Summary: [efs][dstore] Deadlock when creating a folder on dstore-backed remote project
Product: [Tools] Target Management Reporter: Martin Oberhuber <mober.at+eclipse>
Component: RSEAssignee: Martin Oberhuber <mober.at+eclipse>
Status: RESOLVED FIXED QA Contact: Martin Oberhuber <mober.at+eclipse>
Severity: critical    
Priority: P1    
Version: 2.0   
Target Milestone: 2.0.1   
Hardware: All   
OS: All   
Whiteboard:
Bug Depends on:    
Bug Blocks: 187690    
Attachments:
Description Flags
Thread dump showing the deadlock none

Description Martin Oberhuber CLA 2007-08-10 08:21:14 EDT
Created attachment 75833 [details]
Thread dump showing the deadlock

In RSE Perspective, Connect to Linux-dstore host.
Select a folder, right-click > Create Remote Project.
Switch to Resource perspective.
Select the remote project, right-click > New > Folder.
  Name "aaa bbb", OK.

All of Eclipse hangs due to deadlock.

Attached file efs_dstore_deadlock.txt shows the thread dump with the deadlock:

* From the "New Folder" dialog, main thread walks into EFS 
     RSEFileStore.fetchInfo() in order to get project attributes
* from there, it goes into synchronized 
     synchronized RSEFileStoreImpl#getRemoteFileObject()
* This goes to 
     DStoreStatusMonitor.waitForUpdate()
  which runs a nested event loop (Display.waitAndDispatch()

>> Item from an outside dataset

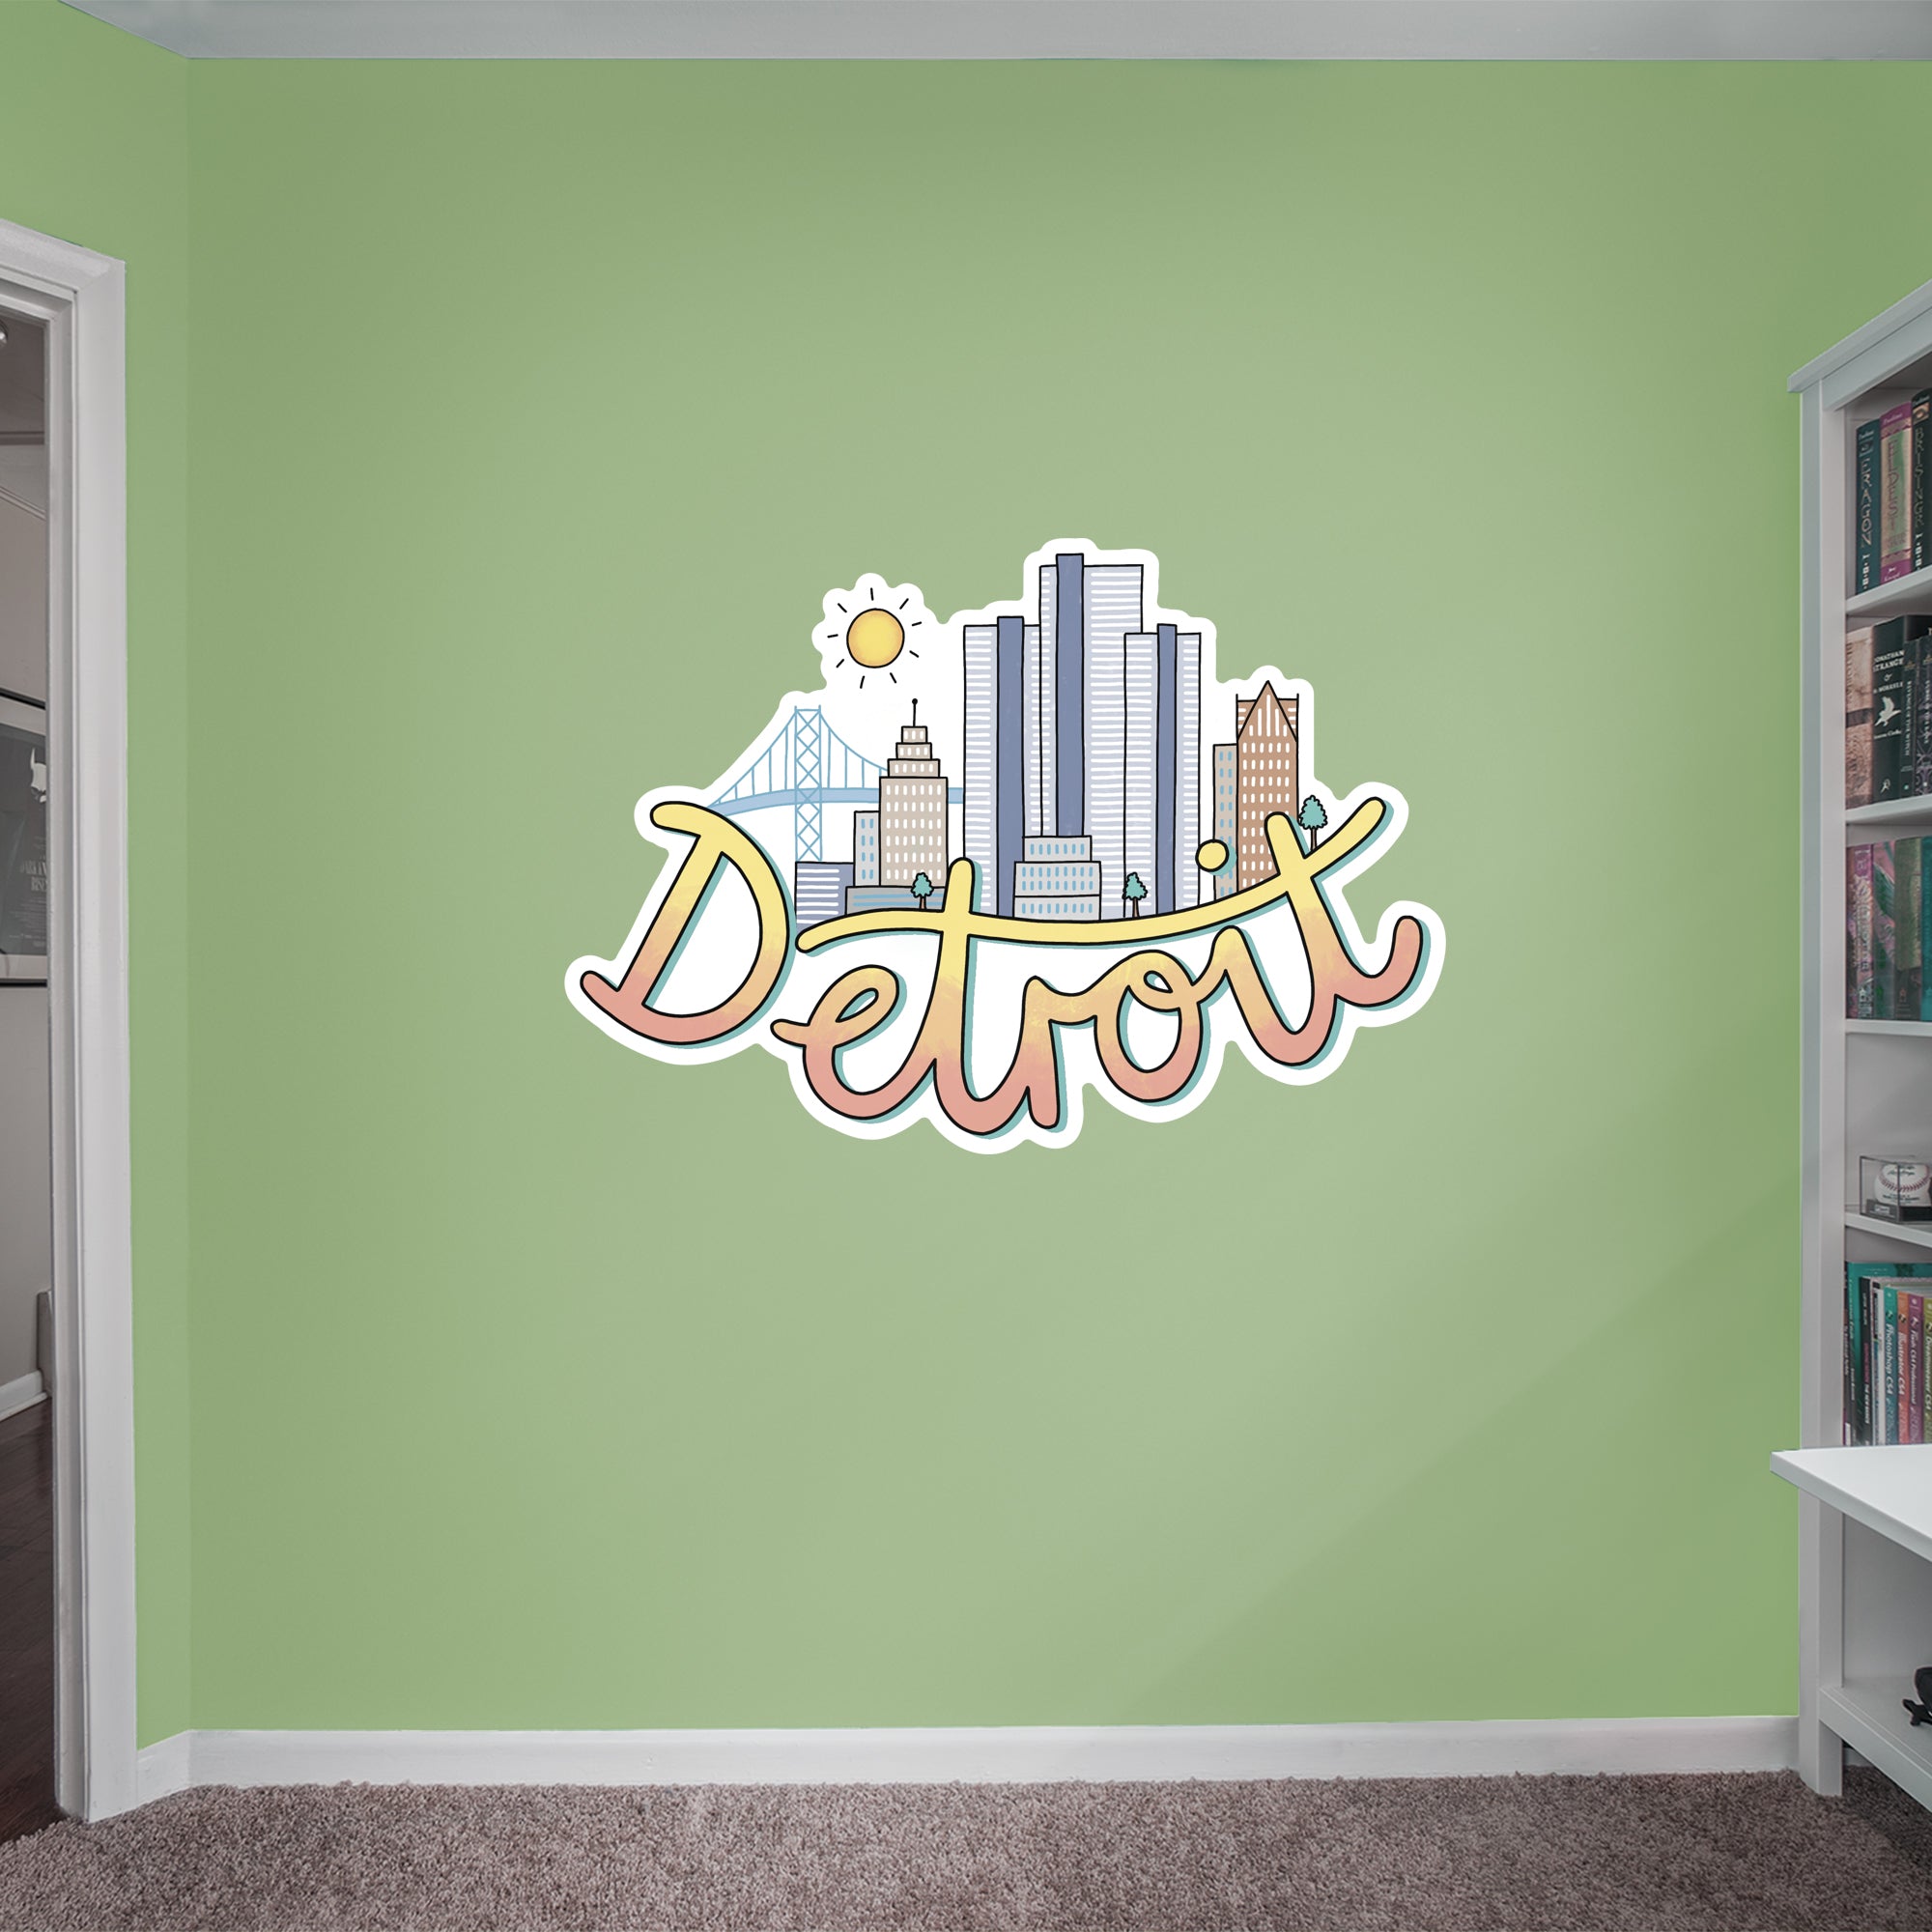 Detroit - Officially Licensed Big Moods Removable Wall Decal Giant Decal (50"W x 35"H) by Fathead | Vinyl
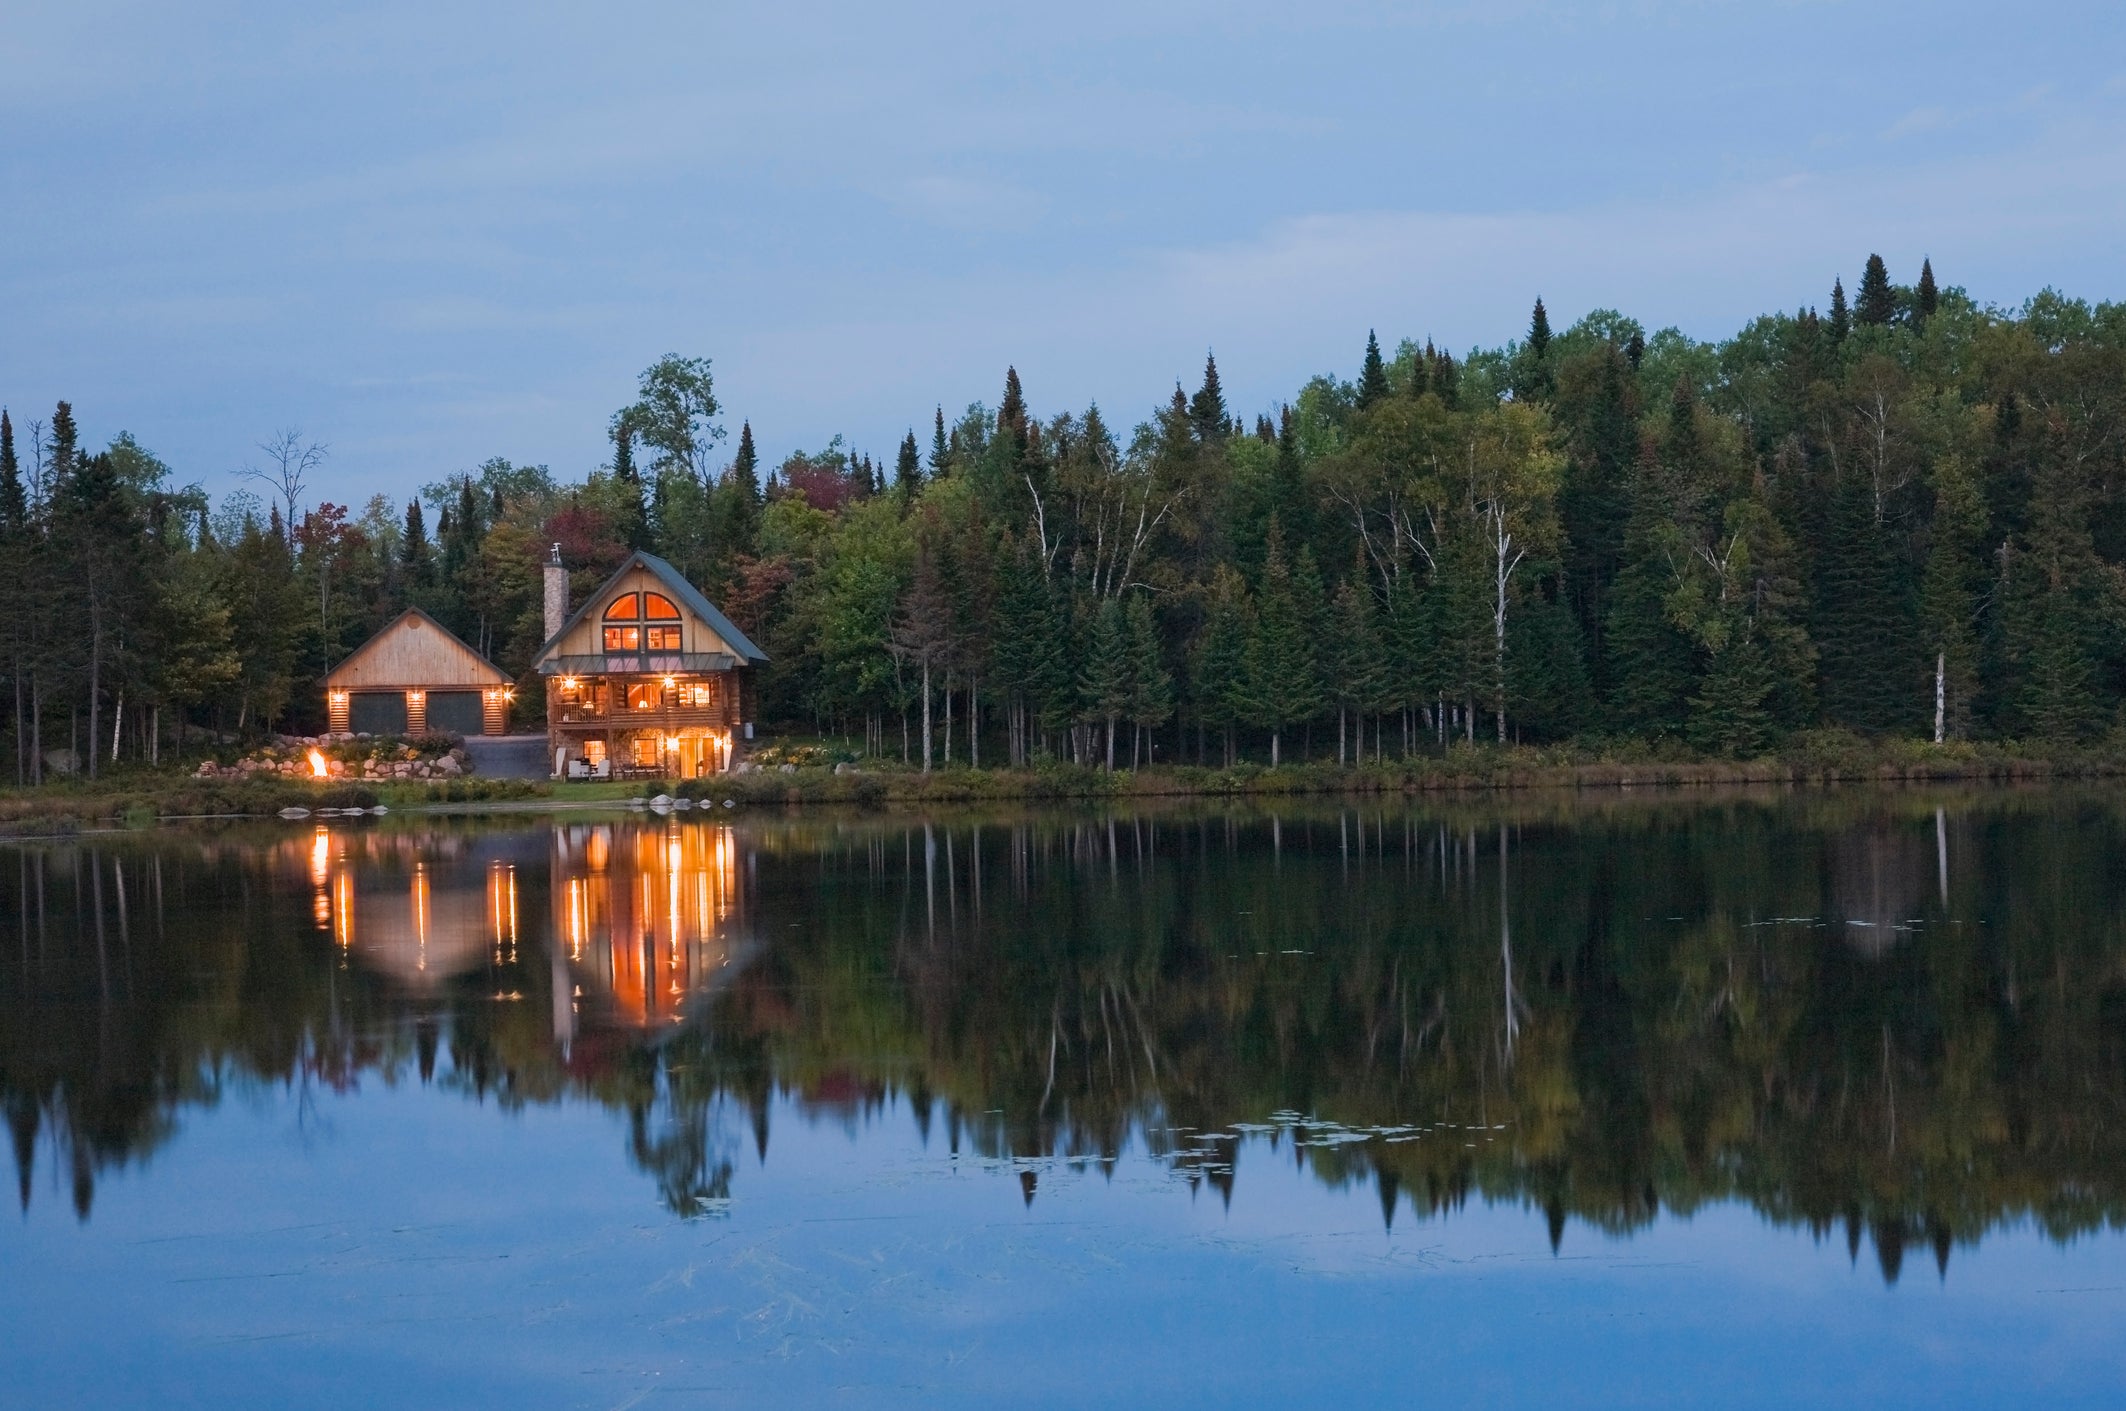 Illuminated garage and handcrafted spruce log home on edge of lake at dusk, Quebec, Canada

* The nested event loop switches to the ModalContext Thread and delivers 
  events to it
* In the ModalContext Thread, the createFolder() operation also needs
     synchronized RSEFileStoreImpl#getRemoteFileObject()
  but cannot get it because it is locked

--> ModalContext thread never returns due to the lock, so the lock cannot
    be lifted. We have a classic deadlock!
Comment 1 Martin Oberhuber CLA 2007-08-10 08:35:08 EDT
Once again, the problem was that a method was declared "synchronized" although it called out to other, unknown methods (which, in this case, led to the nested event loop in dstore, which did the thread switch, and thus led to the deadlock).

Investigation shows that there is no need to have
   RSEFileStoreImpl#getRemoteFileObject()
be synchronized. It looks like the original intention was that all threads have the same understanding of what the remote file object for the file store is; this is achieved in a more elegant way by declaring the cached _remoteFile variable volatile:
   volatile RSEFileStoreImpl#_remoteFile

The volatile modifier asks Java to put that instance variable in a memory area that looks the same to all threads.

Fix committed:

[199552] fix deadlock with dstore-backed efs access
   RSEFileStoreImpl.java  1.5